Brambridge House is a Grade II* listed building in the South Downs National Park local planning authority area, England. First listed on 5 December 1955. Country house. 5 related planning applications.

Brambridge House

WRENN ID
watchful-cinder-lark
Grade
II*
Local Planning Authority
South Downs National Park
Country
England
Date first listed
5 December 1955
Type
Country house
Source
Historic England listing

Description

Brambridge House is a large country house, dating to approximately 1762, incorporating an earlier building and remodelled after a fire in 1872 by M. Digby-Wyatt. It is constructed of stuccoed brick with a slate roof.
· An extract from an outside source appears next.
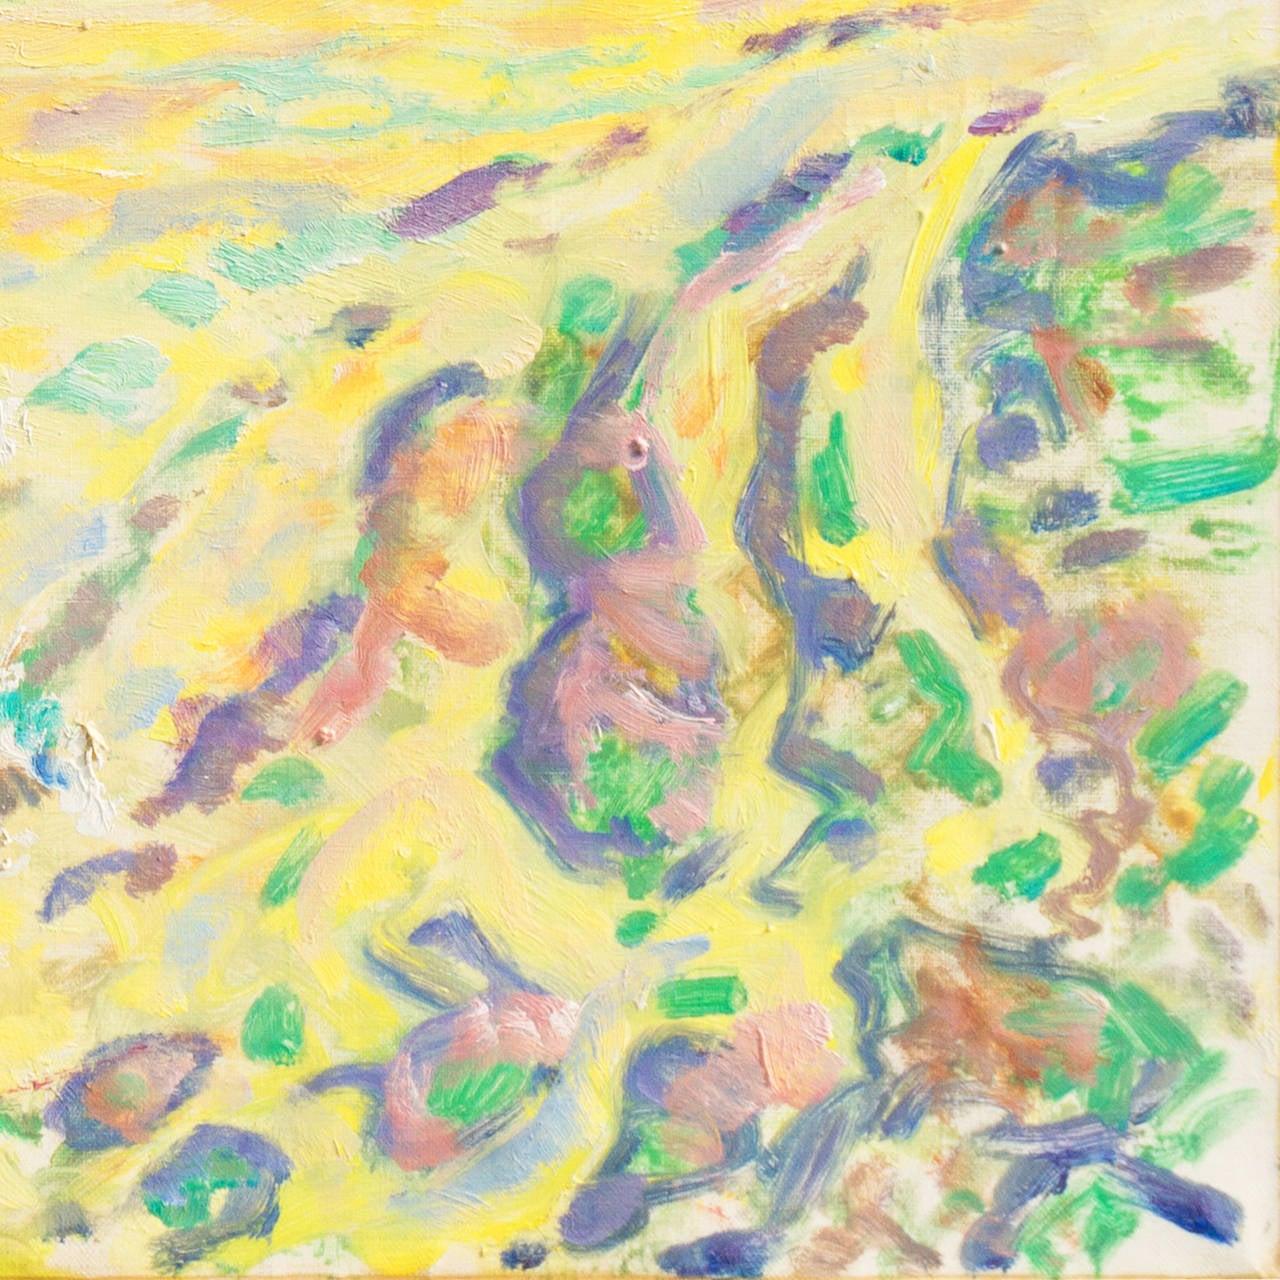 Spring Landscape - Painting by Ejnar R. Kragh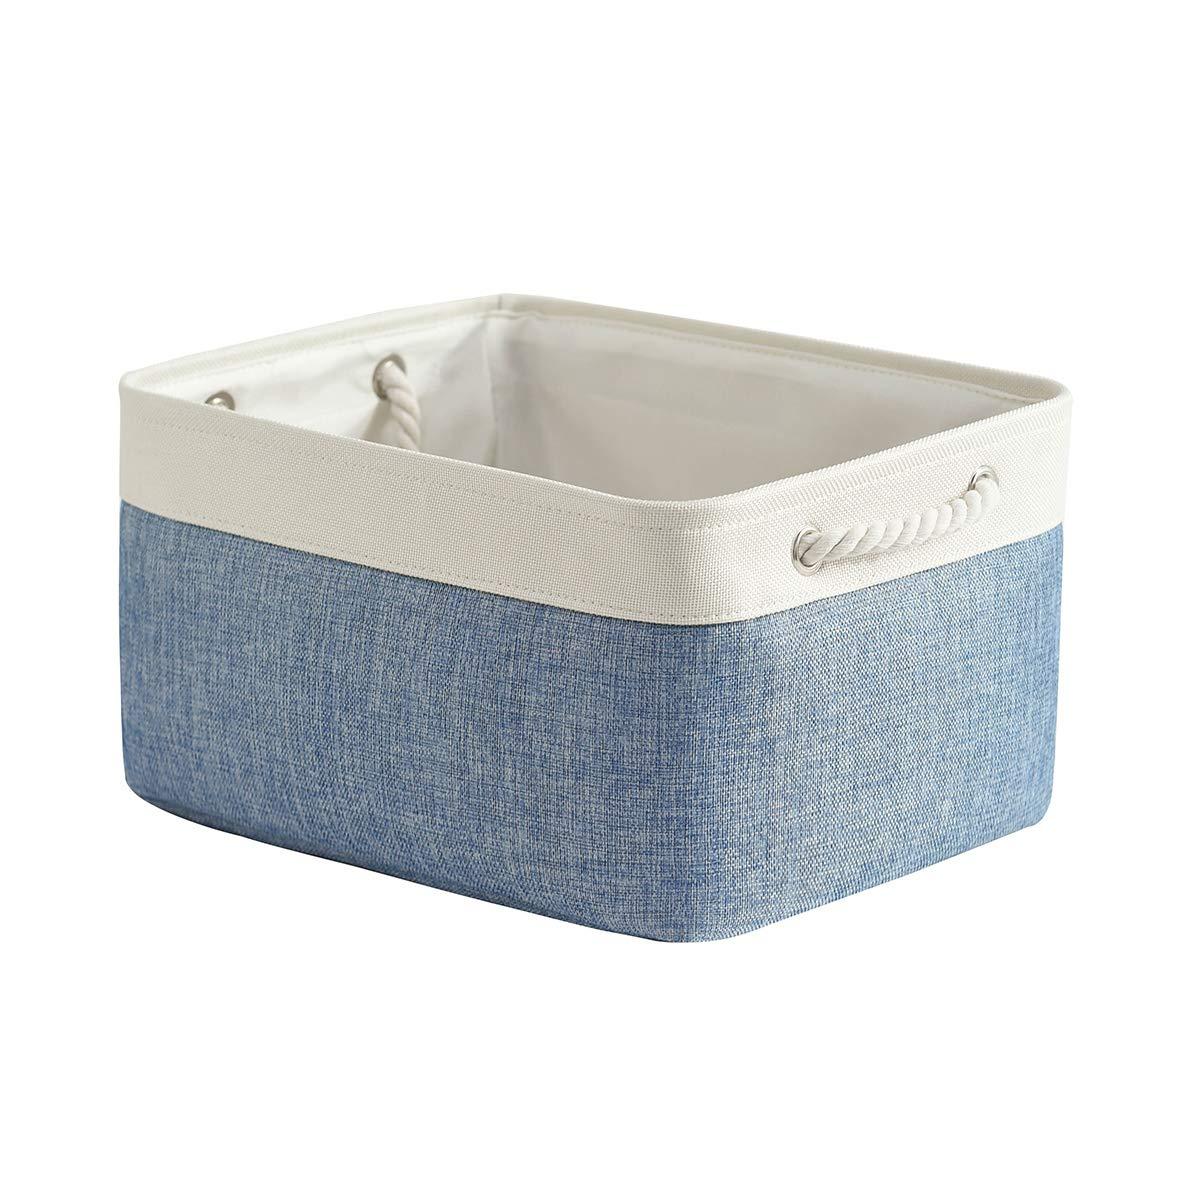 Large Fabric Basket Storage Basket Baskets for Shelves Cloth Baskets for Storage Dog Toy Basket Decorative Storage Bin for Shelf Nursery Home Closet & Office (15.7L×11.8W×8.3H inch, White&Blue)

The house is a three-storey, nine-bay double pile structure in an H-shape, with a river frontage and rooms set back behind single-storey 19th-century pavilions. The 18th-century garden front remains largely unaltered, except for added stucco dressings. The central three-storey, five-bay section is flanked by two-bay projections. A colonnade of six fluted Doric columns, with a simplified entablature and iron railings above a first-floor balcony, sits between the wings; a door was originally in the left bay of the centre part. The ground floor features French windows, and tall casements with low sills are present in the wings and along the first floor, each with a blind box. Smaller windows are similarly designed on the second floor. Rusticated quoins and string courses mark the sill levels of the first and second-floor windows, topped by a heavily modillioned cornice and a low parapet adorned with urns at the corners. The roof is hipped with stacks on the end walls and at the left end of the central section, as well as between the right bays of the central section. The river side of the house was rebuilt to three storeys over a cellar, with a seven-bay facade and three-bay pavilions at each end projecting forward half a bay. A single-storey porch with a cartouche over it is situated in front of the centre bay, also in stucco. The interior was altered during conversion to flats. A large entrance and staircase hall were designed by Wyatt. Inside, facing the garden front, the central bays contain a narrow entrance hall with a late 18th-century ceiling and a large drawing room with a similar ceiling and contemporary fireplace, both retaining original paint and featuring details in the Adam style.